Как-то она стала Петра Житова совестить (Олена попросила): зачем, мол, ты, Петя, все пьешь? «А затем, чтобы человеком себя чувствовать, — ответил ей Петр Житов. — Я, когда выпью, ужасно смелый делаюсь. Никого не боюсь». И вот, наверно, вино и в самом деле смелости прибавляет. Сейчас она тоже никого не боялась — ни мужа, ни Подрезова.
Правда, Подрезов сегодня вроде и не Подрезов вовсе. У нее крепы в голове и в горле лопнули — чего ни наговорила, как его ни разделала, в другой раз и подумать страшно, что было бы. А сегодня сидит, слушает и чуть ли еще не оправдывается.

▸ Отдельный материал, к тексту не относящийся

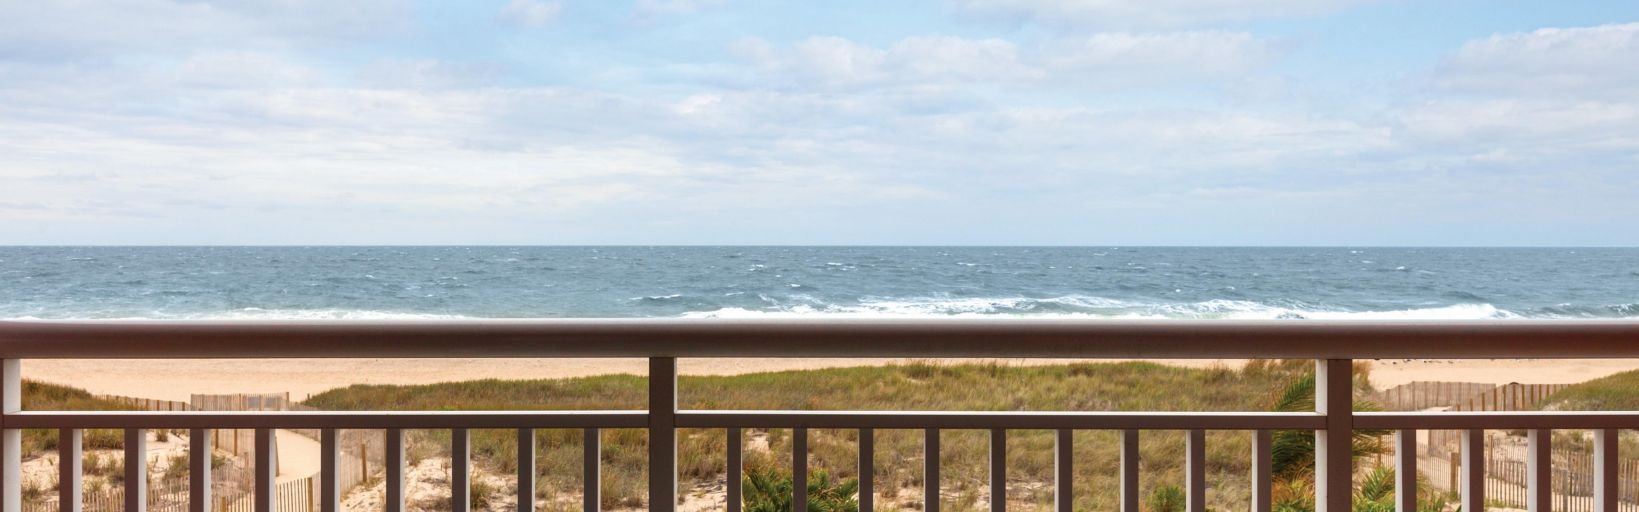 Ocean City Hotel, MD - Holiday Inn Ocean City

— Я тебе только одно скажу, Анфиса, — заговорил Подрезов, когда Иван снова сел за стол. — Не у нас одних трудно. В других краях и областях не лучше живут. Это я тебе точно говорю.
— Больному не большая радость оттого, что его сосед болен, — сказала Анфиса.
И опять ее стало подмывать, опять потянуло на разговор — вот сколько накопилось всего за эти годы!
Но тут Иван напомнил Подрезову, что им пора ехать.
— Куда? — удивилась Анфиса.
— На Сотюгу думаем, — сказал Подрезов. — Надо сено там у вас и у водян посмотреть, а заодно и рыбешки пошуровать. — Покосился на нее мужским взглядом и весело добавил: — Чтобы ты его посильнее любила.
— А я и так мужа своего люблю. Без рыбы! — с вызовом ответила Анфиса и, чего никогда не бывало с ней на людях, потянулась целовать его.
Иван, конечно, осадил ее — нож по сердцу ему всякие нежности на виду у других, — но она выдержала характер, чмокнула в нос, а потом запела: вот когда по-настоящему вино заходило.
— Чем людей-то пугать, сходила бы лучше за лошадями.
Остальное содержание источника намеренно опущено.